# The Unapologetic Mathematician

## The Complex Numbers

Yesterday we defined a field to be algebraically closed if any polynomial over the field always has exactly as many roots (counting multiplicities) as we expect from its degree. But we don’t know a single example of an algebraically complete field. Today we’ll (partially) remedy that problem.

First, remember the example we used for a polynomial with no roots over the real numbers. That is $p=X^2+1$. The problem is that we have no field element whose square is $-1$. So let’s just postulate one! This, of course, has the same advantages as those of theft over honest toil. We write our new element as $i$ for “imaginary”, and throw it in with the rest of the real numbers $\mathbb{R}$.

Okay, just like when we threw in $X$ as a new element, we can build up sums and products involving real numbers and this new element $i$. But there’s one big difference here: we have a relation that $i$ must satisfy. When we use the evaluation map we must find $\mathrm{ev}(X^2+1,i)=0$. And, of course, any polynomial which includes $X^2+1$ as a factor must evaluate to ${0}$ as well. But this is telling us that the kernel of the evaluation homomorphism for $i$ contains the principal ideal $(X^2+1)$.

Can it contain anything else? If $q\in\mathbb{R}[X]$ is a polynomial in the kernel, but $q$ is not divisible by $X^2+1$, then Euclid’s algorithm gives us a greatest common divisor of $q$ and $X^2+1$, which is a linear combination of these two, and must have degree either ${0}$ or ${1}$. In the former case, we would find that the evaluation map would have to send everything — even the constant polynomials — to zero. In the latter case, we’d have a linear factor of $X^2+1$, which would be a root. Clearly neither of these situations can occur, so the kernel of the evaluation homomorphism at $i$ is exactly the principal ideal $(X^2+1)$.

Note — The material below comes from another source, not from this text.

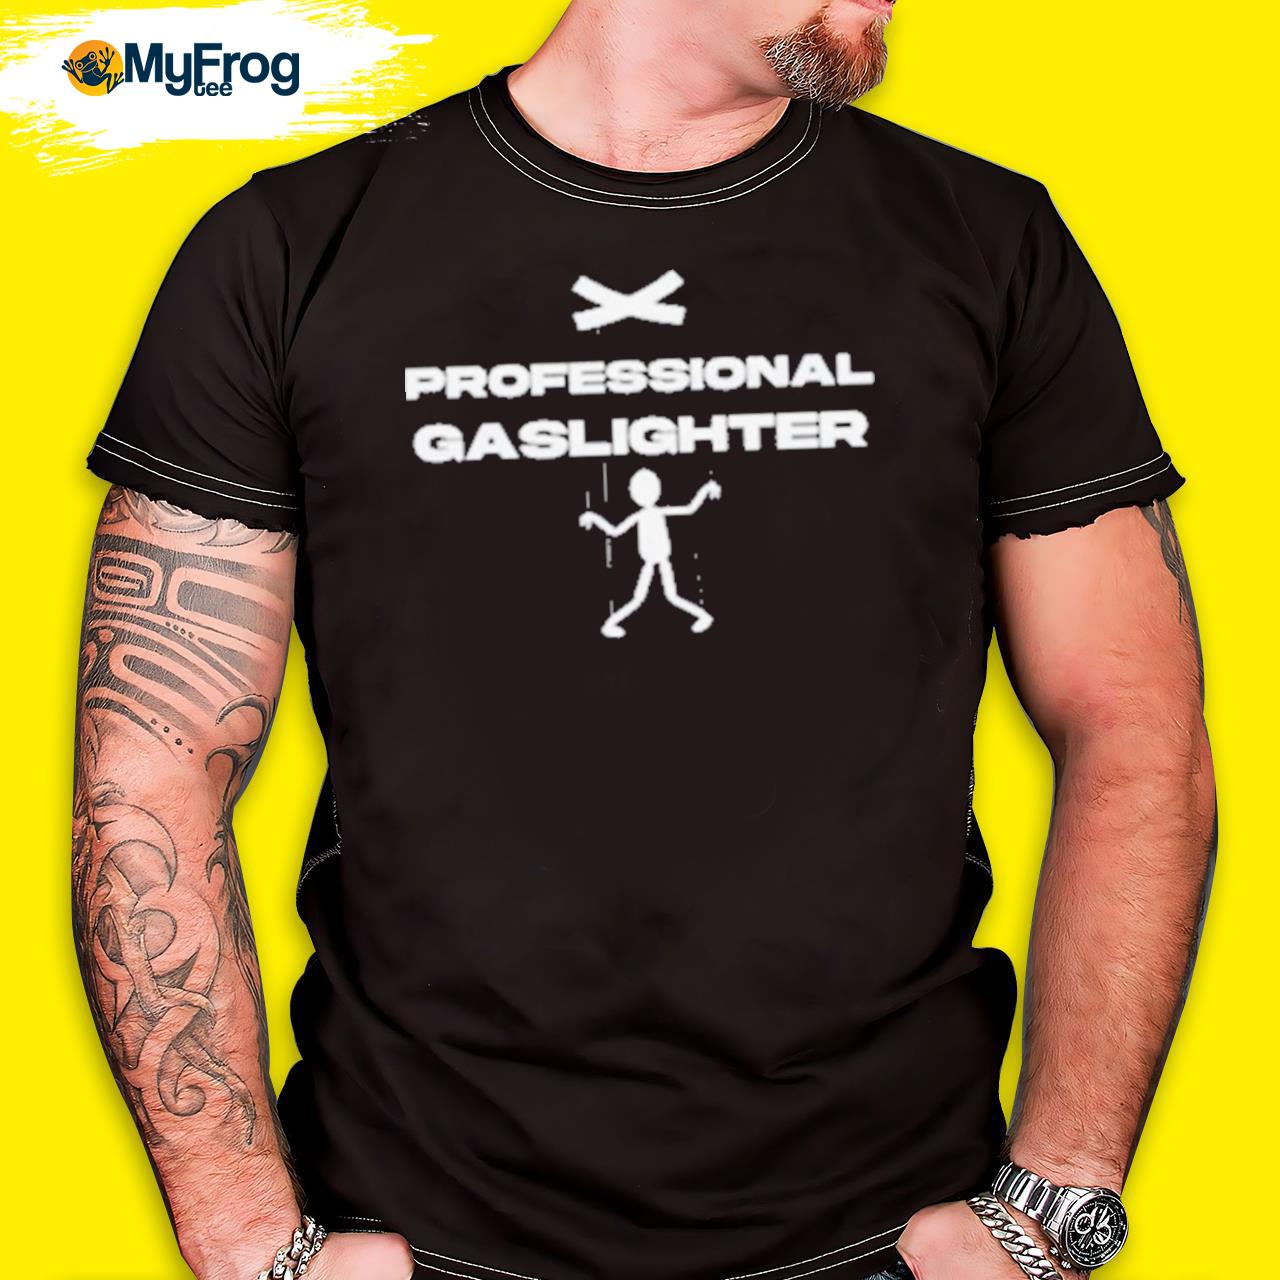 Professional gaslighter shirt

Now the first isomorphism theorem for rings tells us that we can impose our relation by taking the quotient ring $\mathbb{R}[X]/(X^2+1)$. But what we just discussed above further goes to show that $(X^2+1)$ is a maximal ideal, and the quotient of a ring by a maximal ideal is a field! Thus when we take the real numbers and adjoin a square root of $-1$ to get a ring we might call $\mathbb{R}[i]$, the result is a field. This is the field of “complex numbers”, which is more usually written $\mathbb{C}$.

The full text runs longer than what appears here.